This is a go version of the Roaring bitmap data structure.
Roaring bitmaps are used by several major systems such as Apache Lucene and derivative systems such as Solr and Elasticsearch, Apache Druid (Incubating), LinkedIn Pinot, Netflix Atlas, Apache Spark, OpenSearchServer, Cloud Torrent, Whoosh, Pilosa, Microsoft Visual Studio Team Services (VSTS), and eBay's Apache Kylin. The YouTube SQL Engine, Google Procella, uses Roaring bitmaps for indexing.
Roaring bitmaps are found to work well in many important applications:
Use Roaring for bitmap compression whenever possible. Do not use other bitmap compression methods (Wang et al., SIGMOD 2017)
The roaring
Go library is used by
This library is used in production in several systems, it is part of the Awesome Go collection.
There are also Java and C/C++ versions. The Java, C, C++ and Go version are binary compatible: e.g, you can save bitmaps from a Java program and load them back in Go, and vice versa. We have a format specification.
This code is licensed under Apache License, Version 2.0 (ASL2.0).
Copyright 2016-... by the authors.
Sets are a fundamental abstraction in software. They can be implemented in various ways, as hash sets, as trees, and so forth. In databases and search engines, sets are often an integral part of indexes. For example, we may need to maintain a set of all documents or rows (represented by numerical identifier) that satisfy some property. Besides adding or removing elements from the set, we need fast functions to compute the intersection, the union, the difference between sets, and so on.
To implement a set of integers, a particularly appealing strategy is the bitmap (also called bitset or bit vector). Using n bits, we can represent any set made of the integers from the range [0,n): the ith bit is set to one if integer i is present in the set. Commodity processors use words of W=32 or W=64 bits. By combining many such words, we can support large values of n. Intersections, unions and differences can then be implemented as bitwise AND, OR and ANDNOT operations. More complicated set functions can also be implemented as bitwise operations.
When the bitset approach is applicable, it can be orders of magnitude faster than other possible implementation of a set (e.g., as a hash set) while using several times less memory.
However, a bitset, even a compressed one is not always applicable. For example, if you have 1000 random-looking integers, then a simple array might be the best representation. We refer to this case as the "sparse" scenario.
An uncompressed BitSet can use a lot of memory. For example, if you take a BitSet and set the bit at position 1,000,000 to true and you have just over 100kB. That is over 100kB to store the position of one bit. This is wasteful even if you do not care about memory: suppose that you need to compute the intersection between this BitSet and another one that has a bit at position 1,000,001 to true, then you need to go through all these zeroes, whether you like it or not. That can become very wasteful.
This being said, there are definitively cases where attempting to use compressed bitmaps is wasteful. For example, if you have a small universe size. E.g., your bitmaps represent sets of integers from [0,n) where n is small (e.g., n=64 or n=128). If you are able to uncompressed BitSet and it does not blow up your memory usage, then compressed bitmaps are probably not useful to you. In fact, if you do not need compression, then a BitSet offers remarkable speed.
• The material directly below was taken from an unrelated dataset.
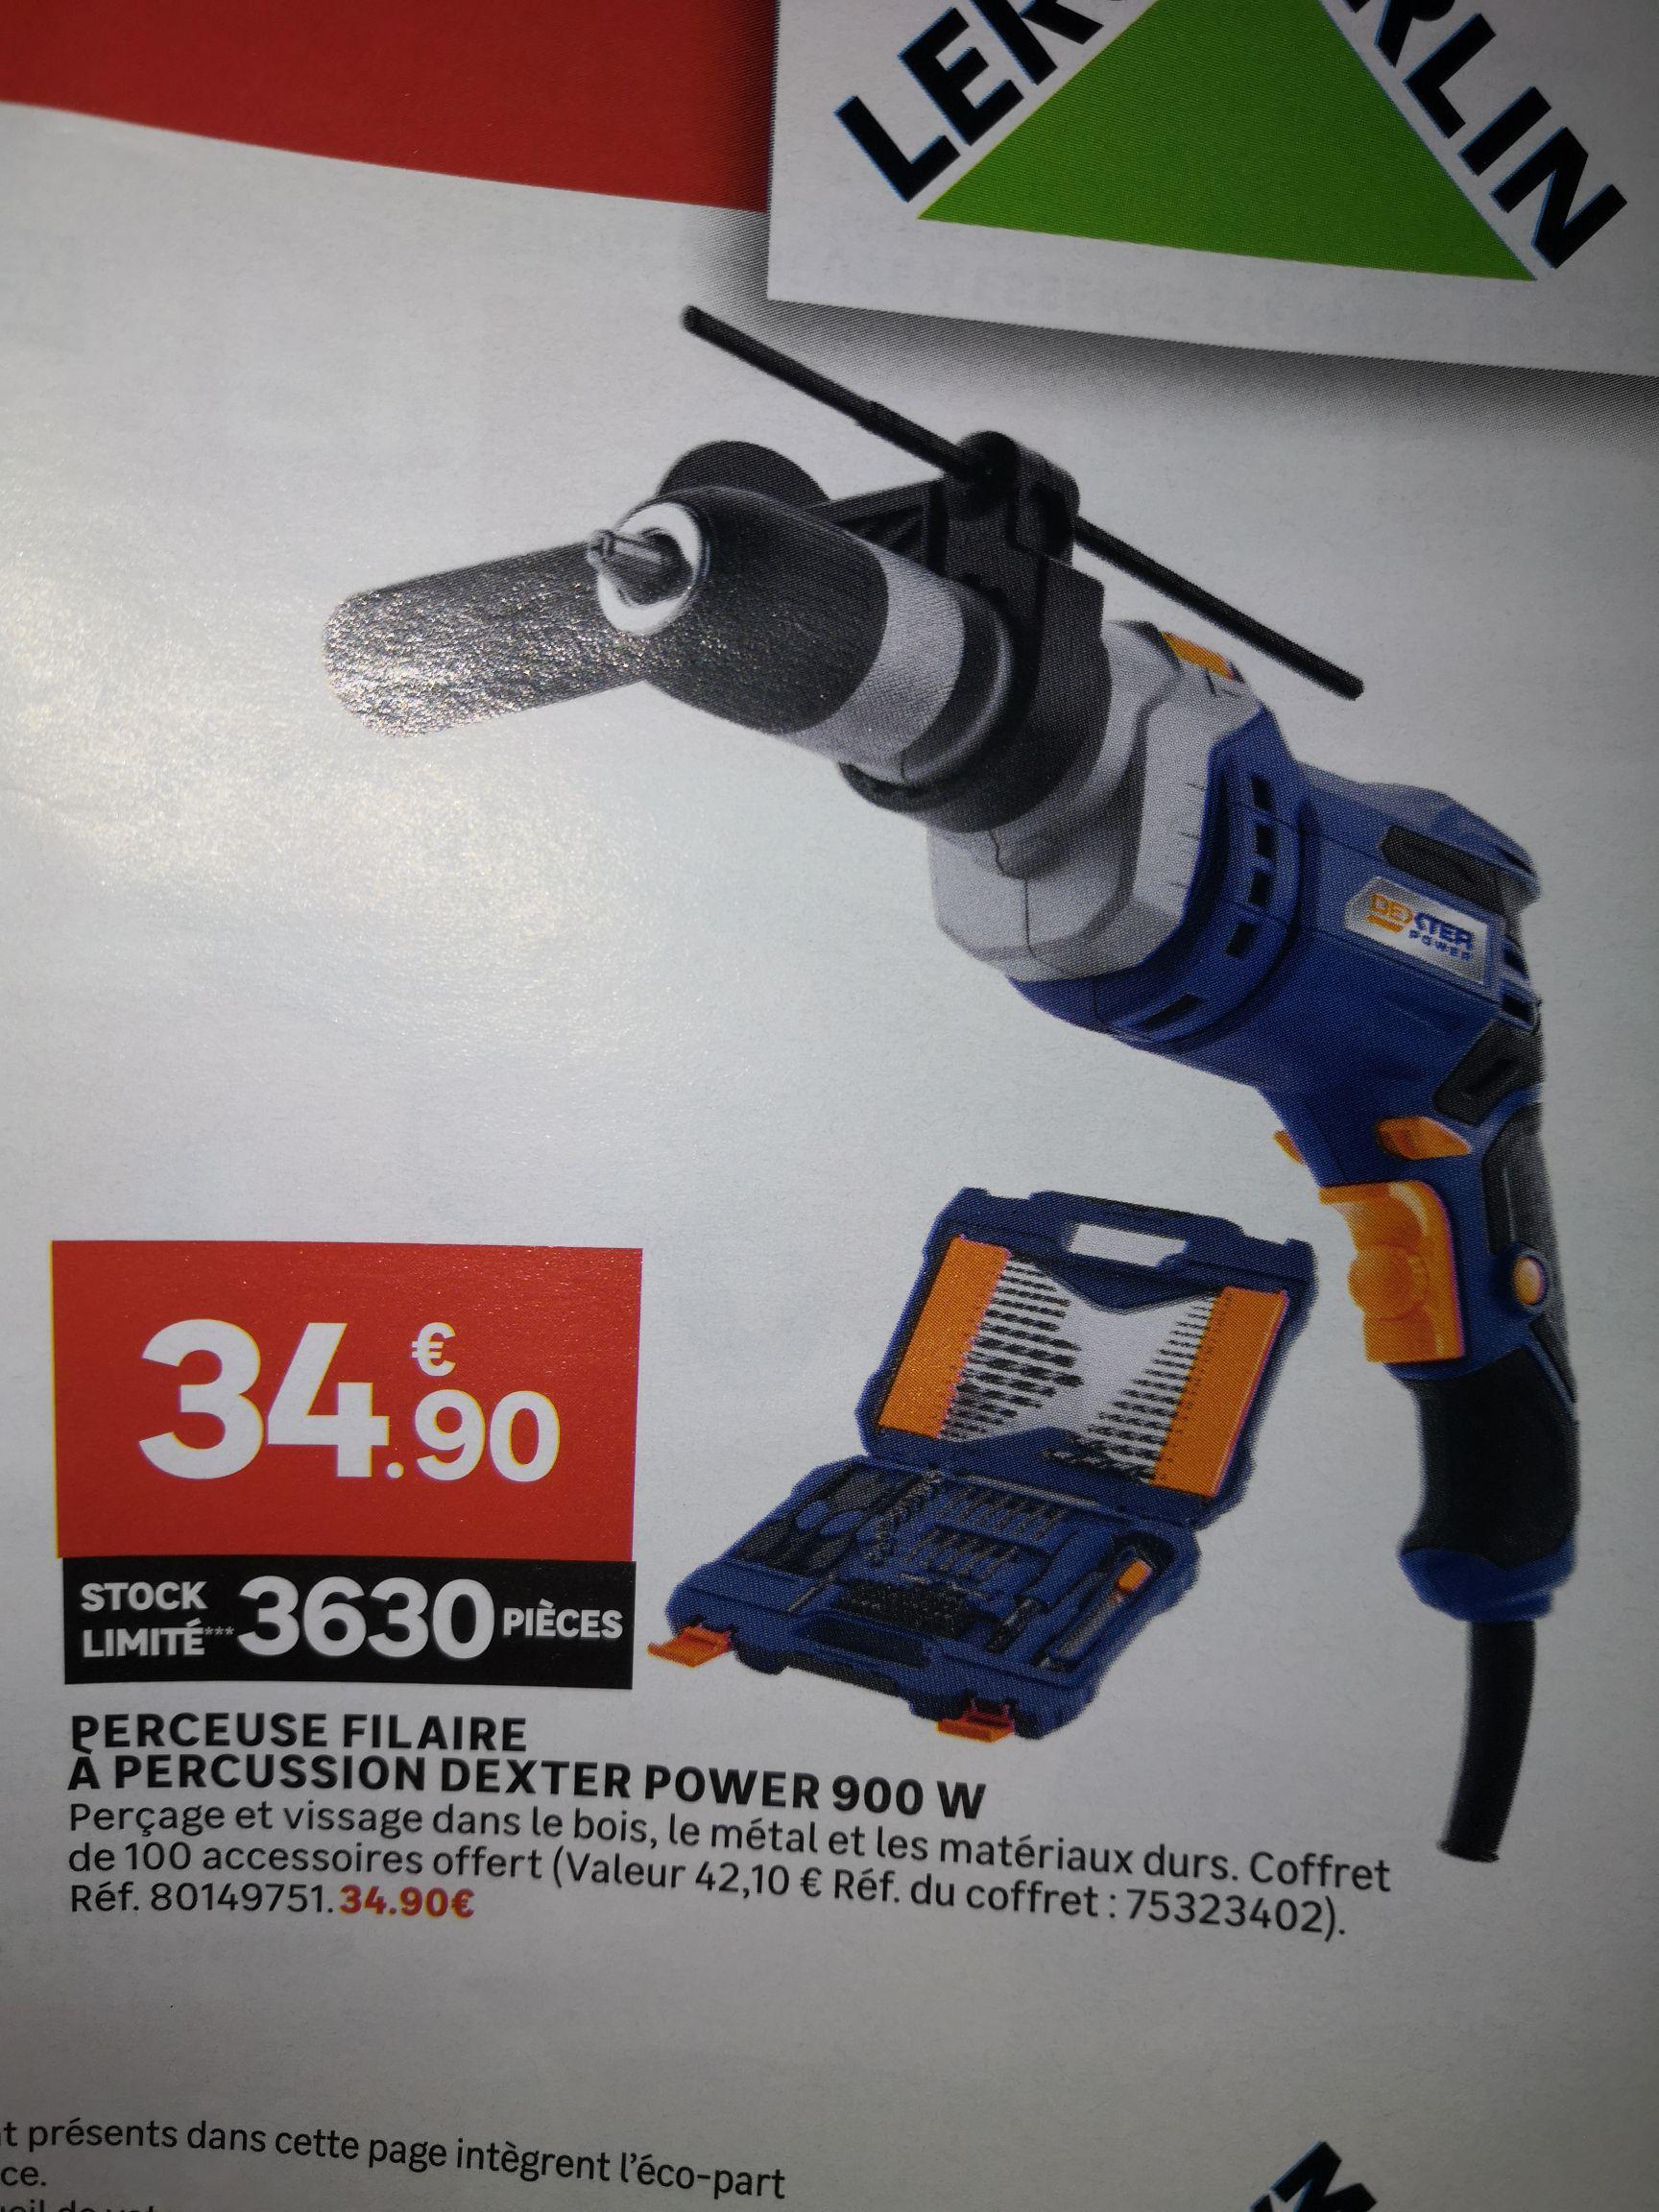 Perceuse filaire a percussion Dexter Power 900W + coffret 100 accessoires
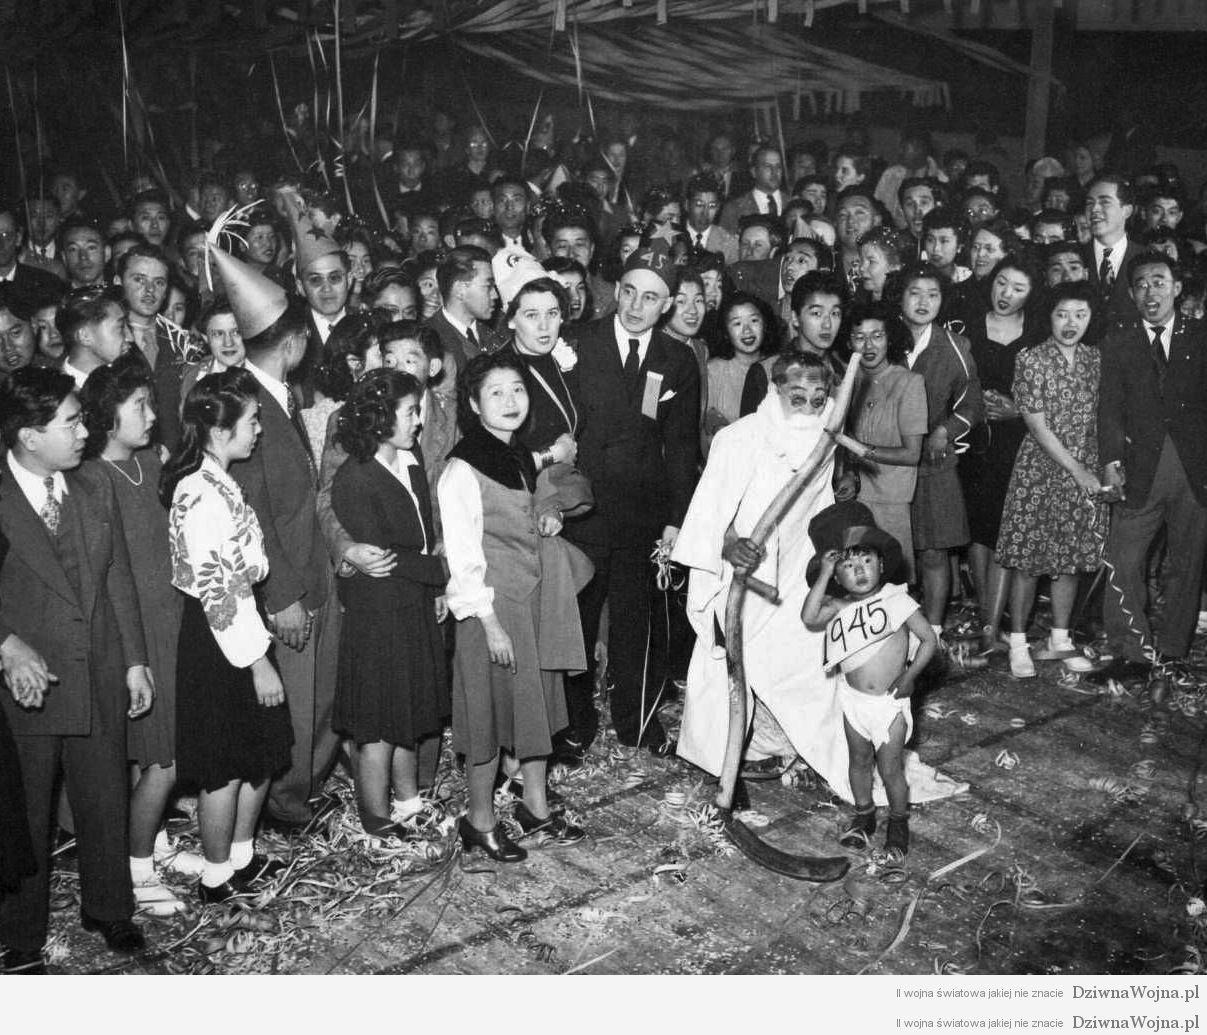 japonscy imigranci w usa sylwester 1944

The sparse scenario is another use case where compressed bitmaps should not be used. Keep in mind that random-looking data is usually not compressible. E.g., if you have a small set of 32-bit random integers, it is not mathematically possible to use far less than 32 bits per integer, and attempts at compression can be counterproductive.
Most alternatives to Roaring are part of a larger family of compressed bitmaps that are run-length-encoded bitmaps. They identify long runs of 1s or 0s and they represent them with a marker word. If you have a local mix of 1s and 0, you use an uncompressed word.
There are many formats in this family:
- Oracle's BBC is an obsolete format at this point: though it may provide good compression, it is likely much slower than more recent alternatives due to excessive branching.
- WAH is a patented variation on BBC that provides better performance.
- Concise is a variation on the patented WAH. It some specific instances, it can compress much better than WAH (up to 2x better), but it is generally slower.
- EWAH is both free of patent, and it is faster than all the above. On the downside, it does not compress quite as well. It is faster because it allows some form of "skipping" over uncompressed words. So though none of these formats are great at random access, EWAH is better than the alternatives.
There is a big problem with these formats however that can hurt you badly in some cases: there is no random access. If you want to check whether a given value is present in the set, you have to start from the beginning and "uncompress" the whole thing. This means that if you want to intersect a big set with a large set, you still have to uncompress the whole big set in the worst case...
Roaring solves this problem. It works in the following manner. It divides the data into chunks of 216 integers (e.g., [0, 216), [216, 2 x 216), ...). Within a chunk, it can use an uncompressed bitmap, a simple list of integers, or a list of runs. Whatever format it uses, they all allow you to check for the present of any one value quickly (e.g., with a binary search). The net result is that Roaring can compute many operations much faster than run-length-encoded formats like WAH, EWAH, Concise... Maybe surprisingly, Roaring also generally offers better compression ratios.
- Daniel Lemire, Owen Kaser, Nathan Kurz, Luca Deri, Chris O'Hara, François Saint-Jacques, Gregory Ssi-Yan-Kai, Roaring Bitmaps: Implementation of an Optimized Software Library, Software: Practice and Experience 48 (4), 2018 arXiv:1709.07821
- Samy Chambi, Daniel Lemire, Owen Kaser, Robert Godin, Better bitmap performance with Roaring bitmaps, Software: Practice and Experience 46 (5), 2016. http://arxiv.org/abs/1402.6407 This paper used data from http://lemire.me/data/realroaring2014.html
- Daniel Lemire, Gregory Ssi-Yan-Kai, Owen Kaser, Consistently faster and smaller compressed bitmaps with Roaring, Software: Practice and Experience 46 (11), 2016. http://arxiv.org/abs/1603.06549
Dependencies are fetched automatically by giving the -t
flag to go get
.
they include
- github.com/bits-and-blooms/bitset
- github.com/mschoch/smat
- github.com/glycerine/go-unsnap-stream
- github.com/philhofer/fwd
- github.com/jtolds/gls
Note that the smat library requires Go 1.6 or better.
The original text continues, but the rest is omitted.